If the term loan transactions are completed and the new private placement notes are issued, the new private placement notes and the guarantees thereof will be secured by (a) first-priority liens on (i) the additional transferred IP, (ii) J. Crew Domestic Brand's rights under the additional IP license agreement, (iii) the IP group pledge and (iv) the other IP group assets and (b) second-priority liens on (i) the initial transferred IP and (ii) J. Crew Domestic Brand's rights under the A&R IP license agreement.

Consent solicitation

In conjunction with the exchange offer, the old notes issuer is soliciting consents to suspend, subject to certain conditions, substantially all of the covenants, restrictive provisions and events of default under the indenture governing the old notes and provide the old notes issuer, any guarantor under the old notes indenture and any of their respective affiliates, in each case, that holds the old notes, with the ability to vote on directions, waivers and consents under the old notes indenture.

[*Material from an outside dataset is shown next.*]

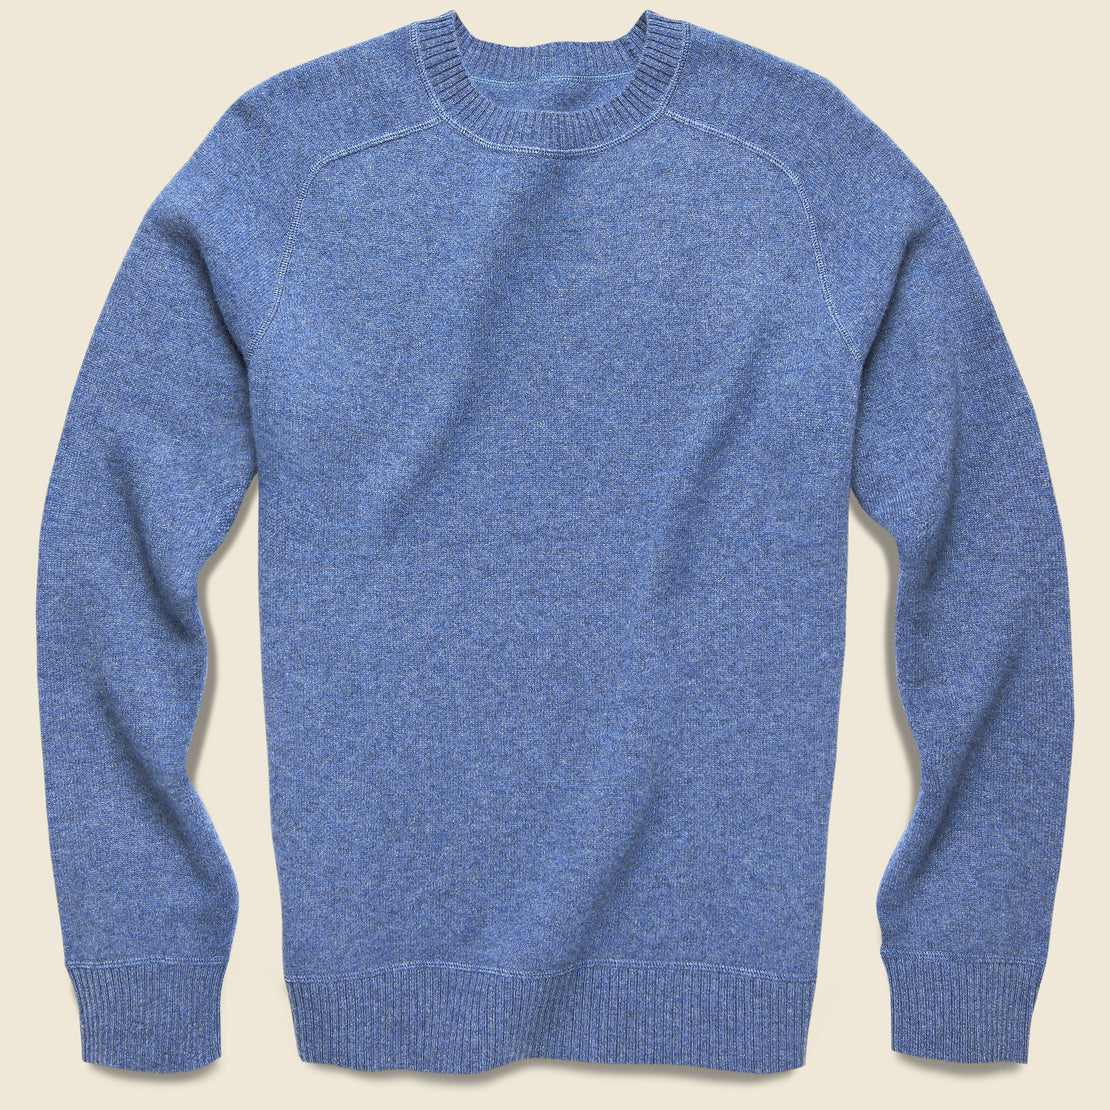 Life After Denim Columbia Cashmere Sweater - Blue

The exchange offer is conditioned upon the completion of the consent solicitation.

The amount of old notes that the ad hoc creditors have promised to tender is enough to ensure adoption of the proposed amendments, which will become operative only upon completion of the exchange offer.

Holders who tender in the exchange offer will be deemed to have delivered their consents, and holder may not deliver consents without tendering their old notes.

The offer is open to noteholders who are either qualified institutional buyers under Rule 144A or not U.S. persons under Regulation S.

The information agent is D.F. King & Co., Inc. (800 714-3306, 212 269-5550 or jcrew@dfking.com).

J.Crew is a retailer of women’s, men’s and children’s apparel, shoes and accessories. The company is based in New York.